INSTRUCTIONS FOR THE TASK:
Omit every picture while repeating the entries exactly.

Start of SUPPLIED MATERIAL

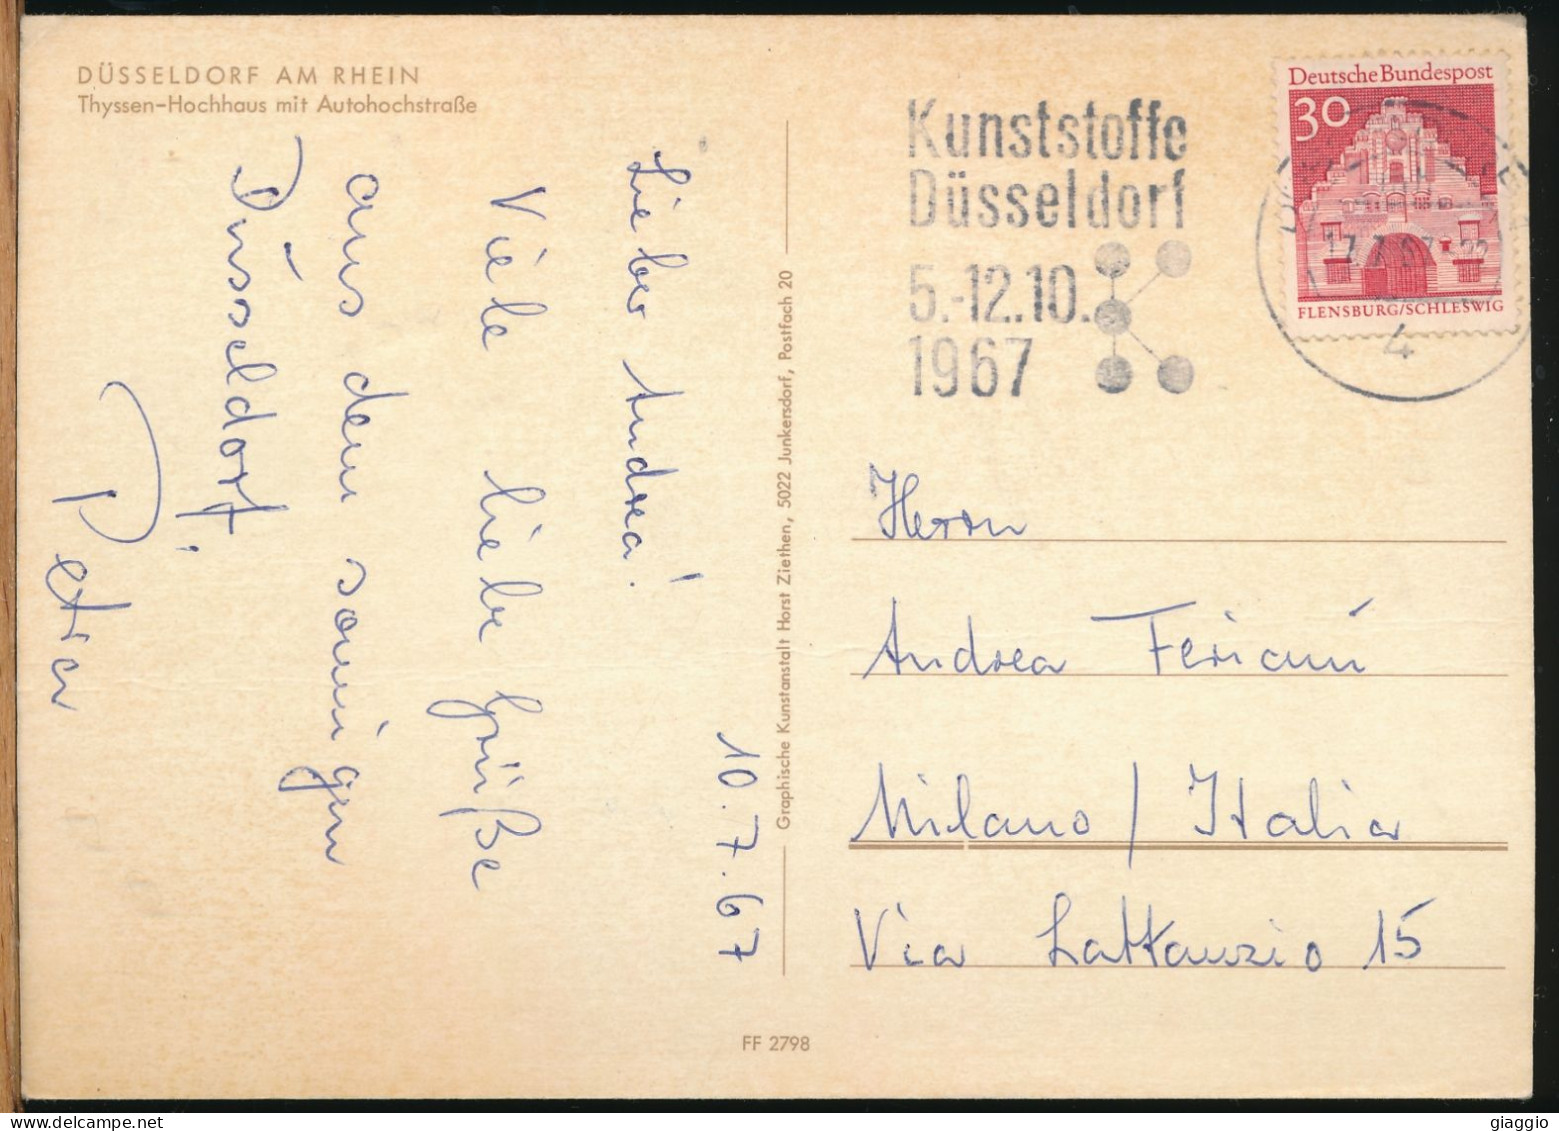 °°° 31048 - GERMANY - DUSSELDORF AM RHEIN - THYSSEN HOCHHAUS MIT AUTOHOCHSTRASSE - 1975 With Stamps °°° - Duesseldorf
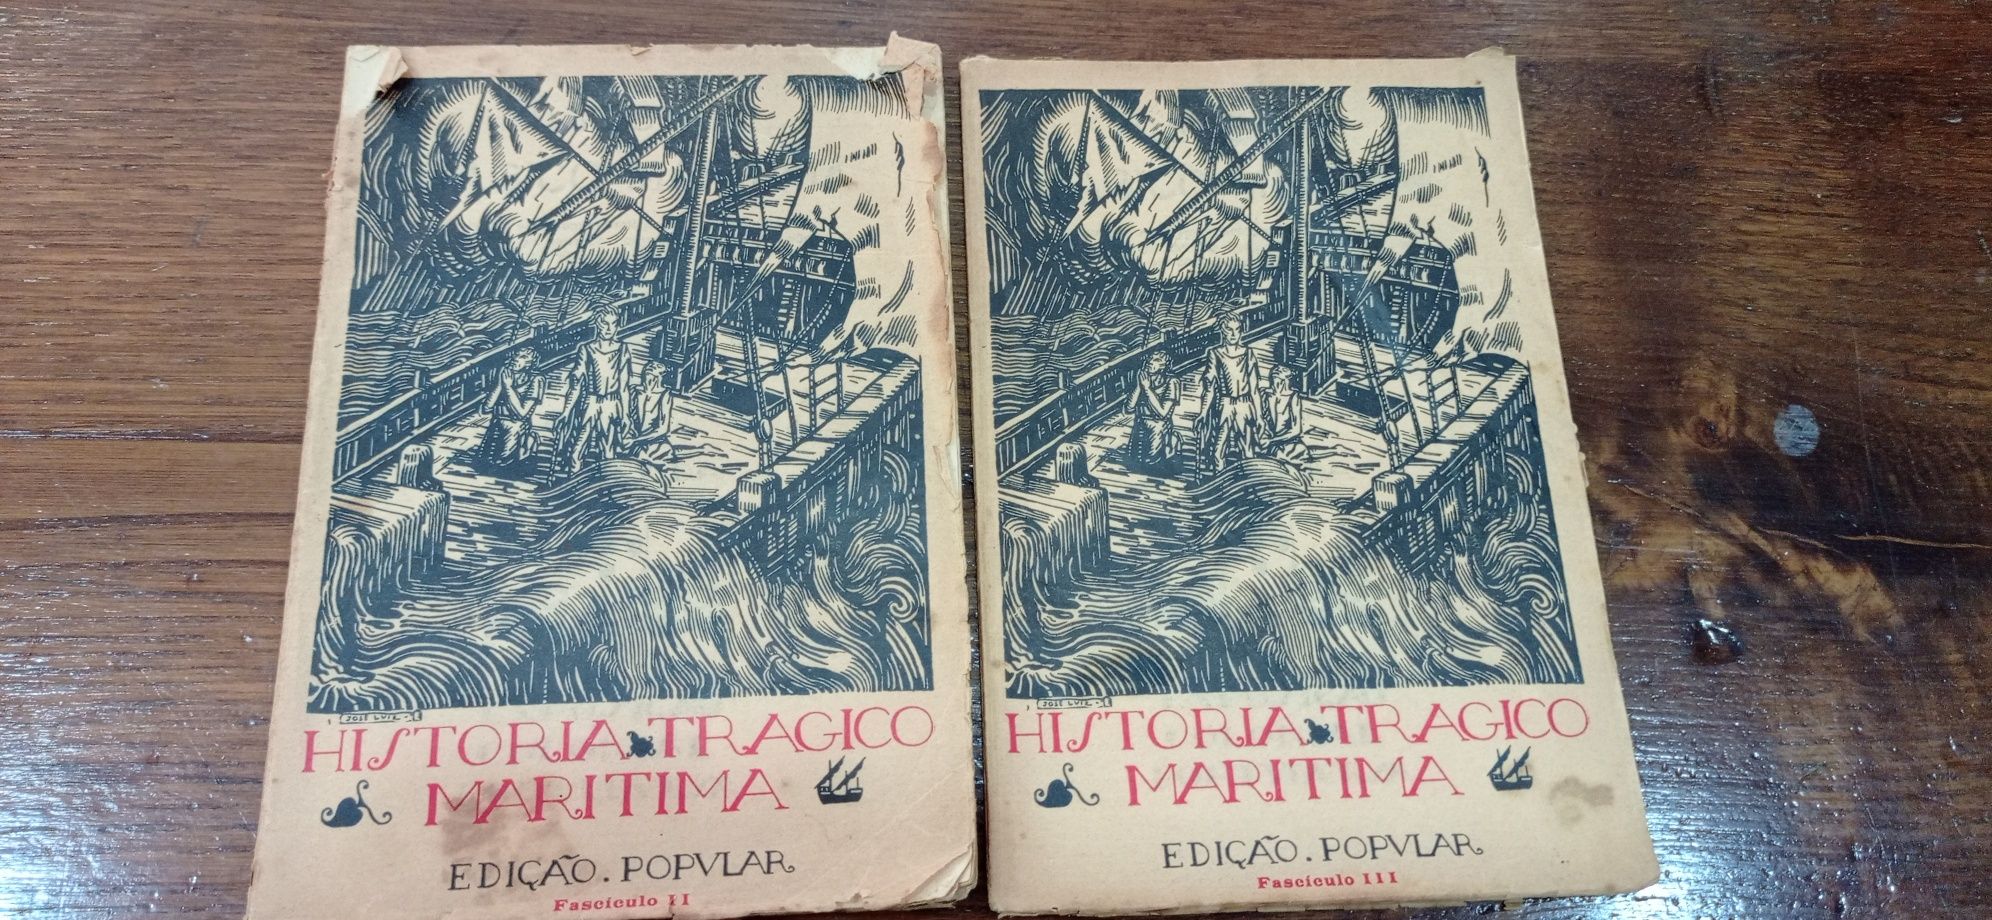 Livro antigo História trágico marítima de 1934
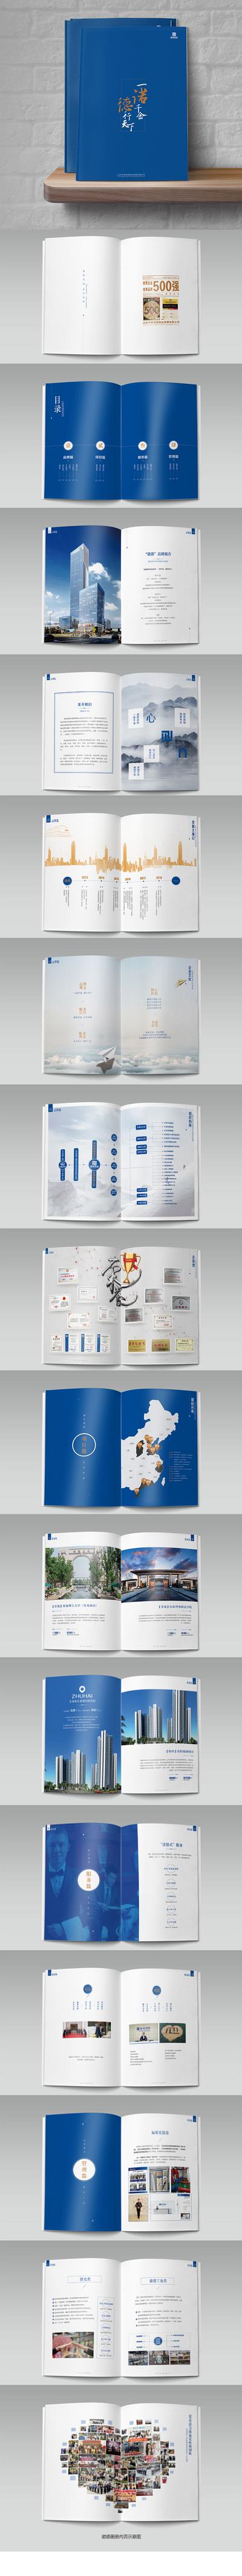 南门网 画册 宣传册 企业 文化 简介 物业 服务 荣誉 地图 照片墙 大气
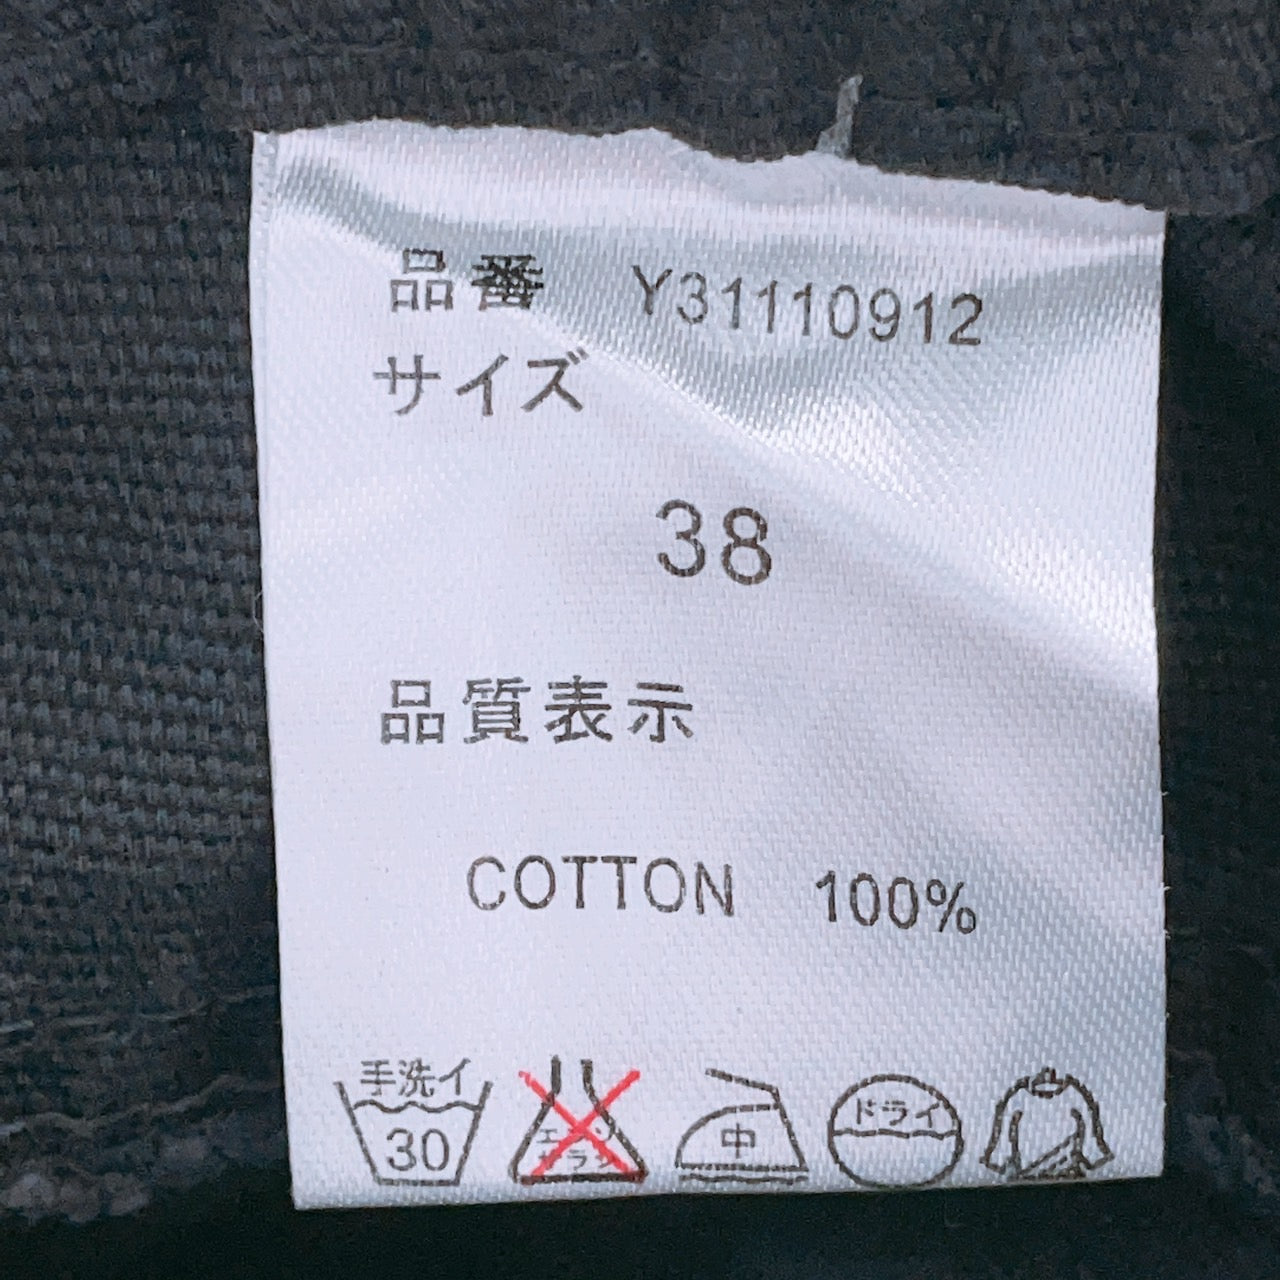 【25572】 REAL CUBE リアルキューブ カジュアルパンツ サイズ38 / 約M ダークネイビー 七分丈パンツ 裾飾りボタン シンプル レディース
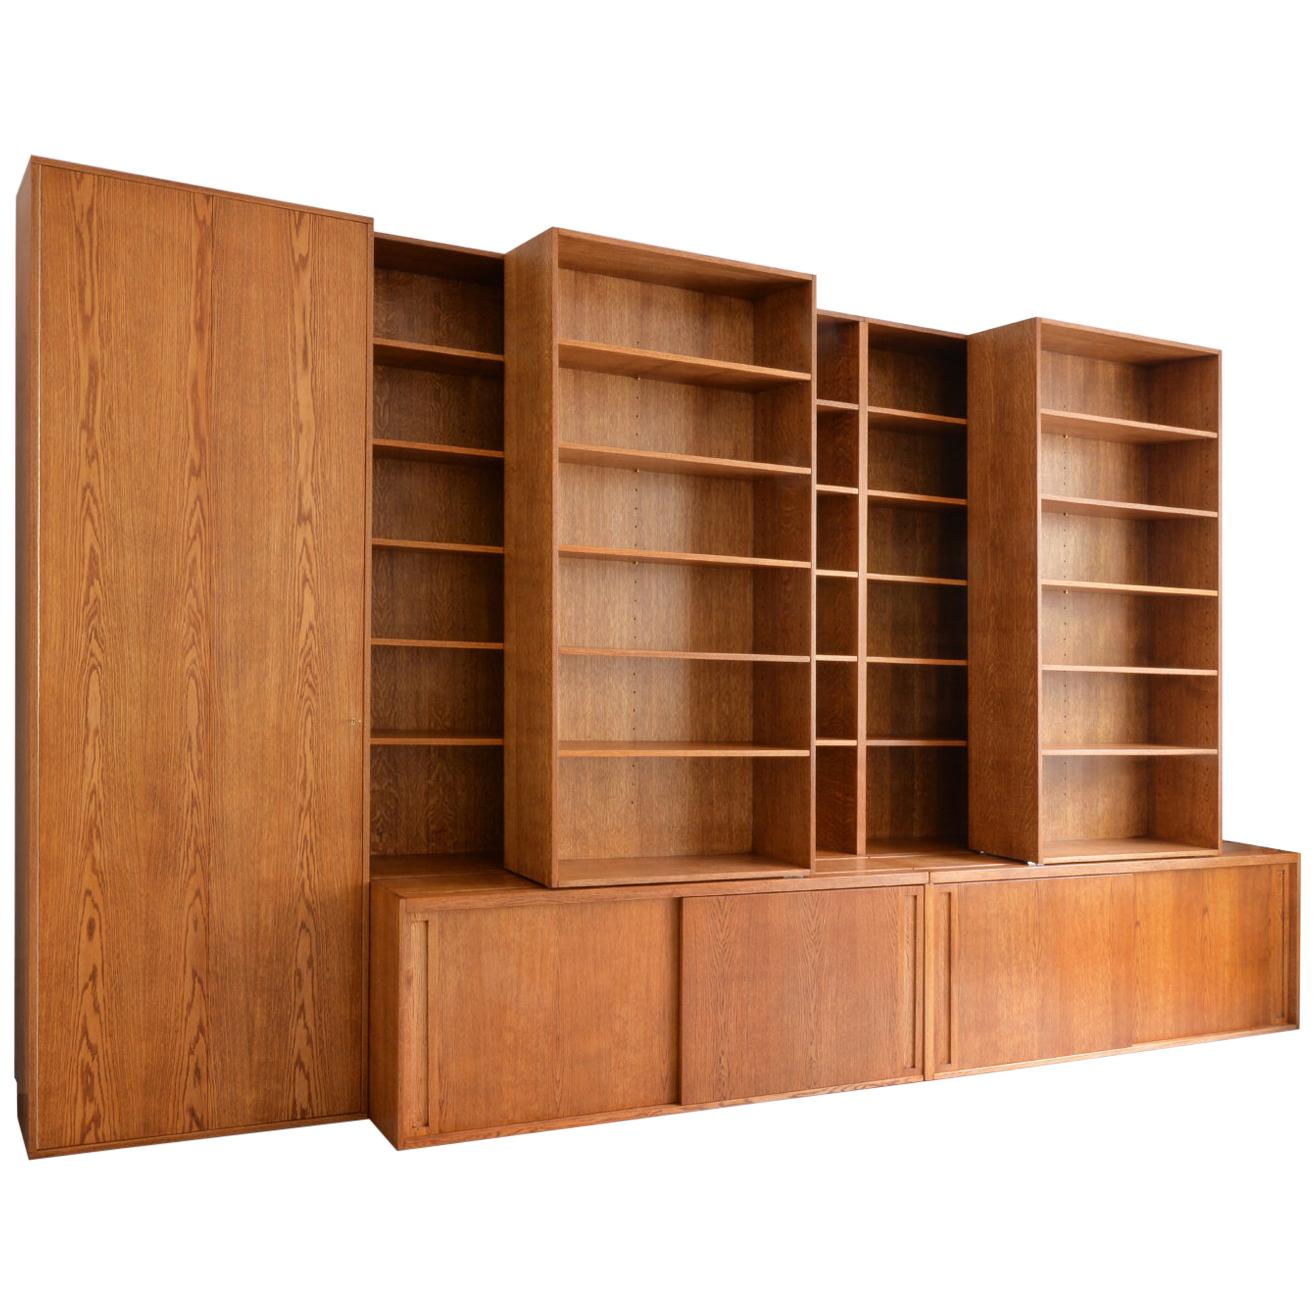 Bibliothèque personnalisée en bois artisanal avec étagères coulissantes et réglables

End of SUPPLIED MATERIAL

OUTPUT BELOW:
 °°° 31048 - GERMANY - DUSSELDORF AM RHEIN - THYSSEN HOCHHAUS MIT AUTOHOCHSTRASSE - 1975 With Stamps °°° - Duesseldorf
 Livro antigo História trágico marítima de 1934
 南门网 画册 宣传册 企业 文化 简介 物业 服务 荣誉 地图 照片墙 大气
 【25572】 REAL CUBE リアルキューブ カジュアルパンツ サイズ38 / 約M ダークネイビー 七分丈パンツ 裾飾りボタン シンプル レディース
 Bibliothèque personnalisée en bois artisanal avec étagères coulissantes et réglables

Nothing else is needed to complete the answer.